Last week I wrote about the way the liberal mainstream media was trumpeting the rather slender evidence that Wisconsin Governor Scott Walker was in trouble over campaign fundraising. But yesterday, the story collapsed when the prosecutor cited in the original story denied the governor was in any legal peril. Predictably, the same outlets that promoted the first story are now burying the sequel.
The original accusations that Walker was at the center of an investigation of a criminal probe of violations of Wisconsin’s arcane campaign finance laws was treated as a very big deal by liberal outlets hungry for material to use to discredit the governor. The words “criminal scheme” to describe his actions echoed around the Internet and liberal shows on MSNBC and CNN. As I noted then, the New York Times had the story at the top of its home page when it broke and then plastered it on the front page of their print edition the next day. In the original version of the piece, the paper discussed the allegations in detail but only mentioned the fact that two separate judges—one state and one federal—had already dismissed the charges and halted the investigation in the case.
But the flimsy nature of the story didn’t stop most liberal print and broadcast outlets from treating this as proof that Walker had been discredited as a national political figure. The actions that were alleged to be illegal are, in fact, legal just about everywhere but Wisconsin. Moreover, a Walker email discussing one of his campaign consultants that had been made public was widely discussed as somehow an admission of guilt on the governor’s part even though it was nothing of the kind. While most of those who wrote about the case admitted that it was doubtful that Walker would ever be charged with anything, they gleefully noted that, as TIME’s Michael Scherer wrote, “from a distance” it would look bad.
Walker’s Democratic opponent in his reelection race this year certainly thought so. Mary Burke has already been airing commercials highlighting the accusations in the hope that the charge would turn the tide in what was already a close contest.
But yesterday those counting on this so-called scandal putting an end to Walker’s career got some disappointing news. The lawyer representing the special prosecutors that had been running the now curtailed investigation announced that, despite the misleading headlines, the governor was not the object of any criminal probe. Despite the broad conclusions drawn from the documents uncovered last week, the lawyer said that “no conclusions” had been reached in the effort that has already been dismissed by judges as a politicized fishing expedition.
But don’t expect any apologies from the liberals who were burying Walker and speaking of him as a criminal. Needless to say, the same outlets that were screaming bloody murder about Walker’s guilt last week haven’t much to say about this development. The Times buried a story about it inside the paper in contrast to the front-page treatment it accorded the original allegation.
This case was just the latest example of liberal attempts to take out a man whom they fear.

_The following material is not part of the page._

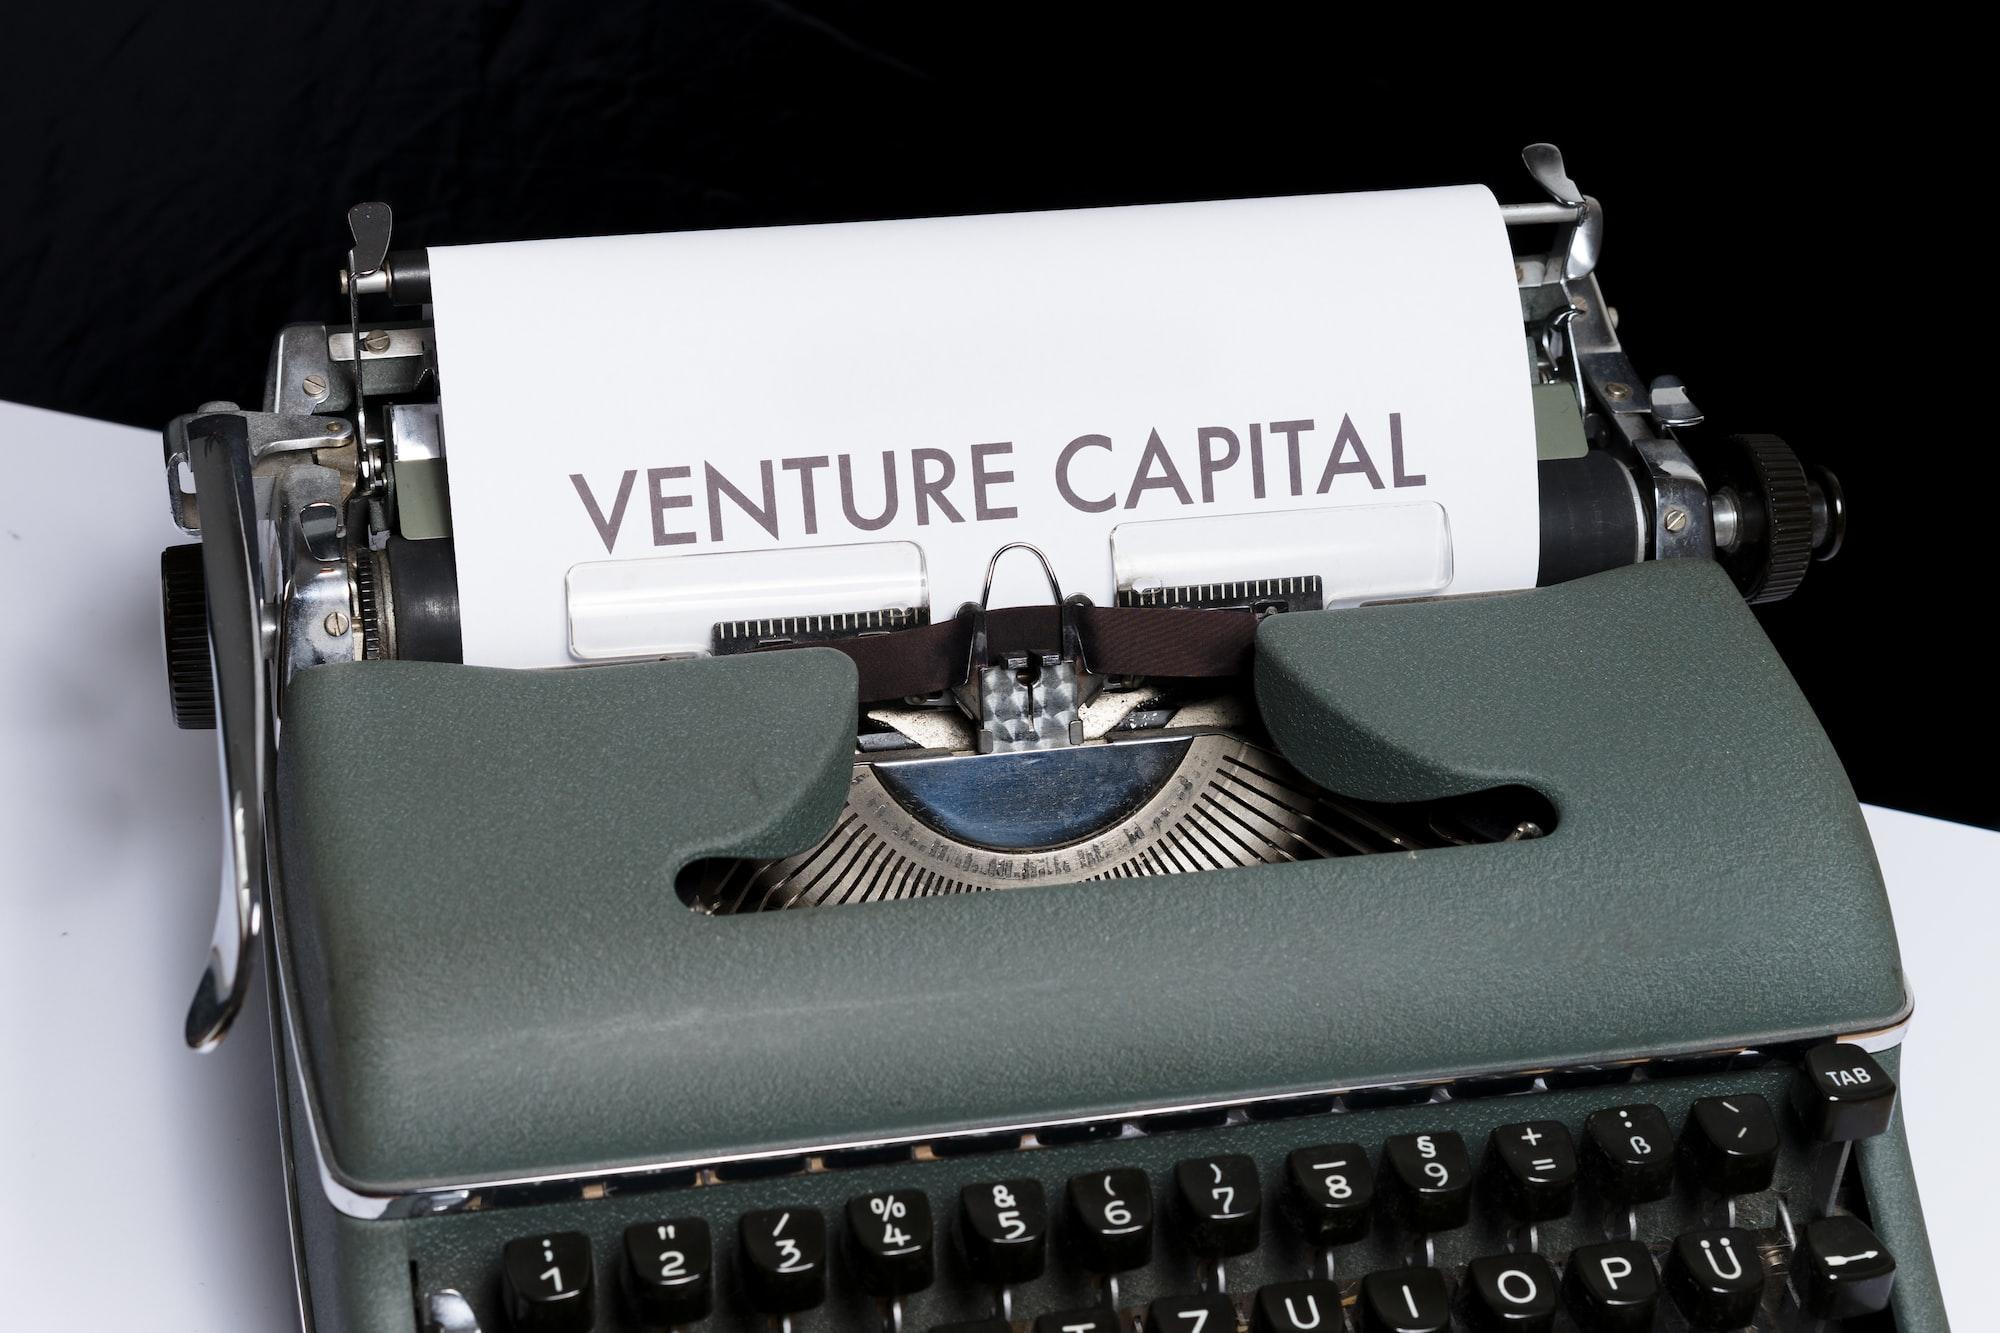 Hong Kong 2021 Venture Capital World Summit

Walker was the most successful of all the Republican governors elected in 2010. He achieved groundbreaking reforms that freed his state of the tyranny of state worker unions and their contracts that were burying Wisconsin (and many other states) in debt. That put him in the cross hairs of Democrats and their thuggish union allies that employed intimidation tactics to thwart the state legislature’s ability to function. When that failed they attempted to use a recall vote to throw Walker out of office that was no more successful than earlier efforts.

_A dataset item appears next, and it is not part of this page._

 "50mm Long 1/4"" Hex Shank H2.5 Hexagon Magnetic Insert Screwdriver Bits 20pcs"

Liberal hate transformed Walker from a little known county executive four years ago into a conservative folk hero with a legitimate shot at a 2016 presidential run. Thus it was hardly surprising that many of the same people who have been denouncing his reformist policies were quick to seize on anything that would besmirch his reputation. But while liberals had high hopes for this story a week ago, it seems now they can only console themselves with the thought that the endless repetition of the word “criminal” in the same sentence with Walker’s name will have done enough damage to even the odds in the Wisconsin gubernatorial race. It remains to be seen whether the debunking of this “scandal” will undo the harm that the initial reports caused.
Like previous efforts to knock off Walker, this story flopped. Though he’s in for a tough fight to win reelection, liberals have been writing his political obituary almost continuously since he first took office in 2011. It may be that by overreaching in this manner, the left has once again handed Walker a stick with which to beat them. Just as the recall effort drew more attention to the dictatorial hold on the state treasury that unions were seeking to defend than any of Walker’s shortcomings, it may be that this “scandal” may have just served as a reminder to voters of media bias rather than any fault on the part of the governor.